1. Microbial Detoxification of Fermented Foods Containing High Amounts of Pesticides
The scientific research related to microbial degradation of pesticide residues began in the 1940s when people began to pay more attention to environmental protection
[1]. Biodegradation is the use of microorganisms or their enzymes to degrade and detoxify xenobiotics in food, water, and soil. The method is an efficient and inexpensive option to deal with pesticide pollution
[2][3]. Ideally, the result should be complete mineralization/degradation of the pesticide to H
2O and CO
2 without the accumulation of more toxic intermediates
[4]. Pesticides can be degraded metabolically by microorganisms. In catabolite degradation, microorganisms use pesticides as the main source of energy (as a carbon, nitrogen, or phosphorus source). Co-metabolic degradation occurs when they are not used as a primary energy source
[5].
The reduction of pesticide residues during fermentation has been studied in various food products
[5][6][7][8][9][10]. Microorganisms with the highest pesticide degradation activity belong to the genera
Bacillus, Micrococcus, Arthrobacter, Corynebacterium, Flavobacterium, Pseudomonas, and
Rhodococcus, as well as fungi from the genera
Penicillium, Aspergillus, Fusarium, and
Trichoderma [11][12][13]. Although fungal bioremediation of pesticides has significant potential, it has received less attention than bacterial bioremediation. However, most of the soil bacterial isolates are not applicable for food detoxification because of their pathogenic nature.
1.1. Milk and Yogurt
A number of comprehensive studies have shown that strains of different LAB species possess the natural ability to degrade pesticides in vitro and alleviate pesticide poisoning in vivo
[14][15][16]. The first studies of the natural degradation of pesticides in dairy products due to the action of autochthonous microflora date back to the 1960s with the works of Kallman and Andrews
[17], investigating organochlorine residues. They reported that the conversion of DDT by yeast occurs rather because of a pH decrease. Then, a true degradation of DDT (1 mg/L in milk and cheese) was shown by Abou-Arab
[6], who observed the activity of starters containing
Lactobacillus delbrueckii subsp.
bulgaricus, Streptococcus thermophilus, and yeasts. The maximum reduction in total DDT of contaminated Ras cheese and milk was achieved after 8 days, 10 days, and 7 days for streptococci, lactobacilli, and yeasts, respectively
[6].
Much later,
Latilactobacillus sakei strain pro7 reached 95.1% biodegradation of DDT with a concentration of 20 mg/kg
[18]. Duan et al.
[19] proved that starter cultures (
L acidophilus,
L. delbrueckii subsp.
bulgaricus,
Lp. plantarum,
Lp. rhamnosus,
Lc. casei,
S. thermophilus, and
Bif. bifidum) decrease the concentration of five different OCPs during yogurt and cheese production. Witczak and Mituniewicz-Małek
[20] demonstrated a significant reduction of the level of organochlorine pesticide residues after 14 days in cold storage by the addition of a probiotic mixture of
L. acidophilus LA-5 and
Bif. animalis subsp.
lactis BB-12 to the yogurt starter cultures. The most significant was the reduction of heptachlor—by 36.6%.

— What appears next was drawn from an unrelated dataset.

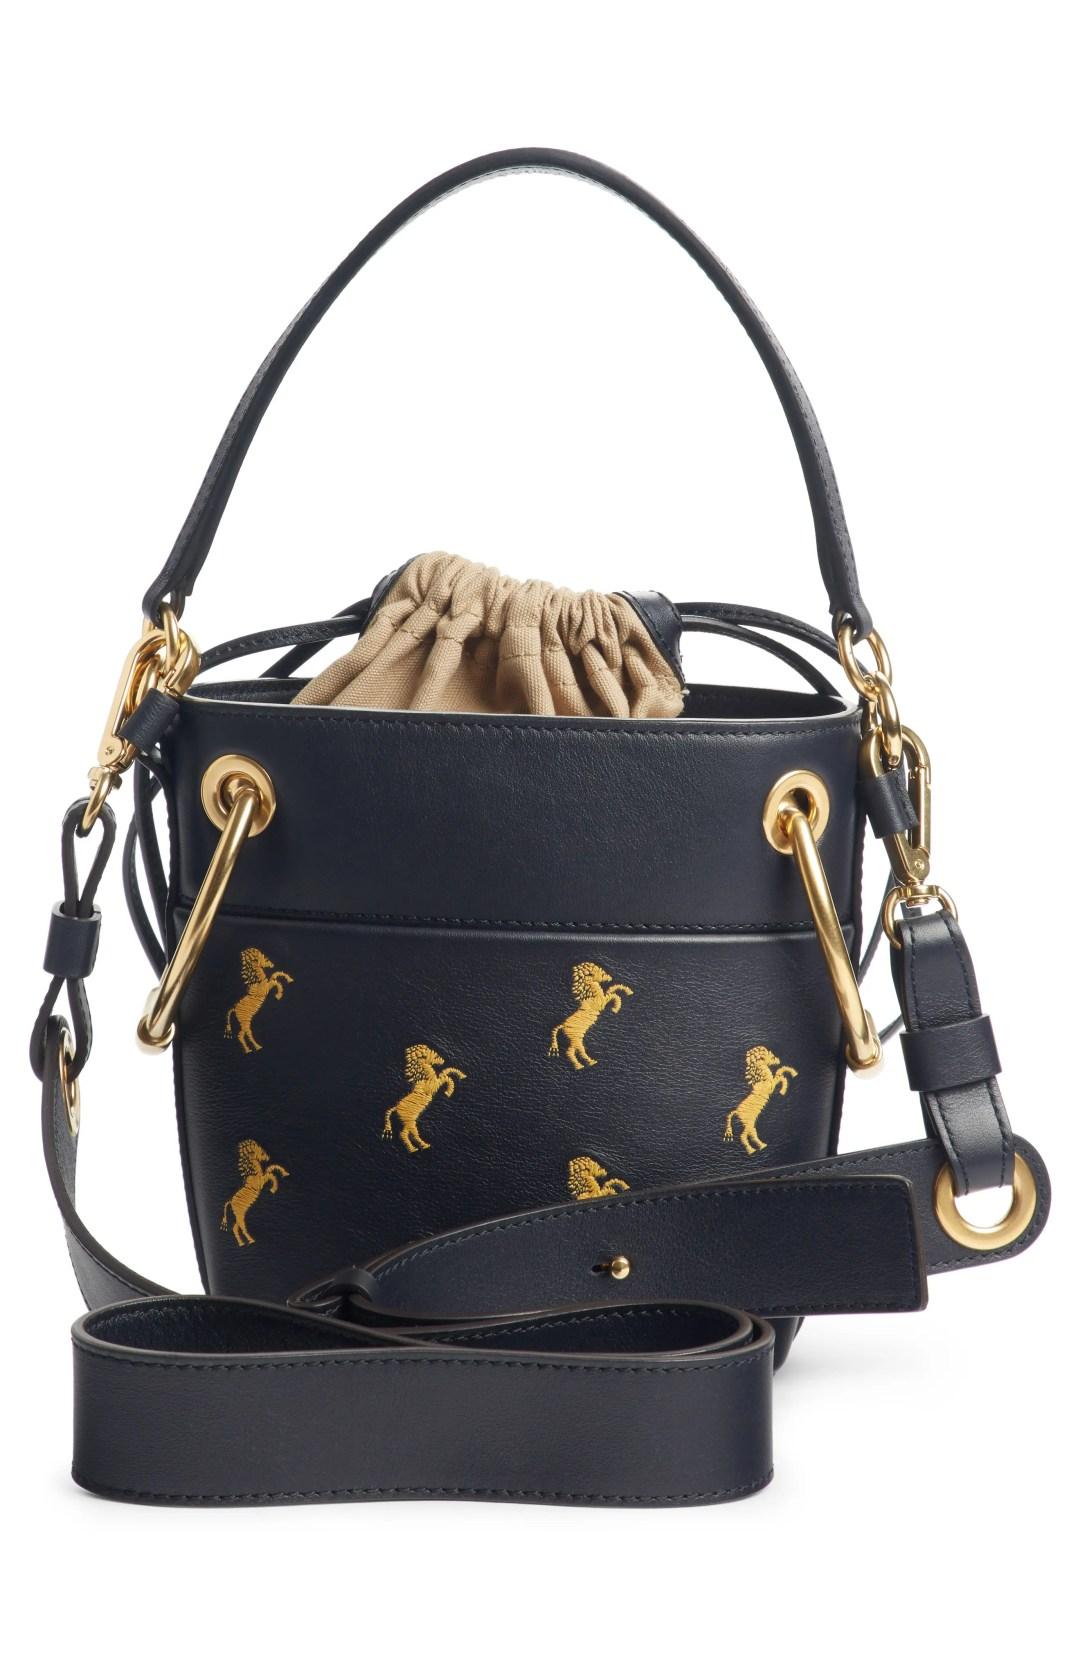 Chloé Roy Mini Embroidered Leather Bucket Bag 715a5794ab

Considering OPP reduction, Zhou and Zhao
[21] showed the effectiveness of five different species of LAB for the elimination of organophosphorus pesticides in skimmed milk. Due to the activity of LAB, OPP concentrations decreased by 7.0–64.6%. All nine investigated compounds were most susceptible to
L. delbrueckii subsp.
bulgaricus, which increased their degradation rate constants by 18.3–133.3%. Zhang et al.
[22] tested ten LAB strains and four combinations of strains for the degradation of five organophosuphate pesticides in skimmed milk.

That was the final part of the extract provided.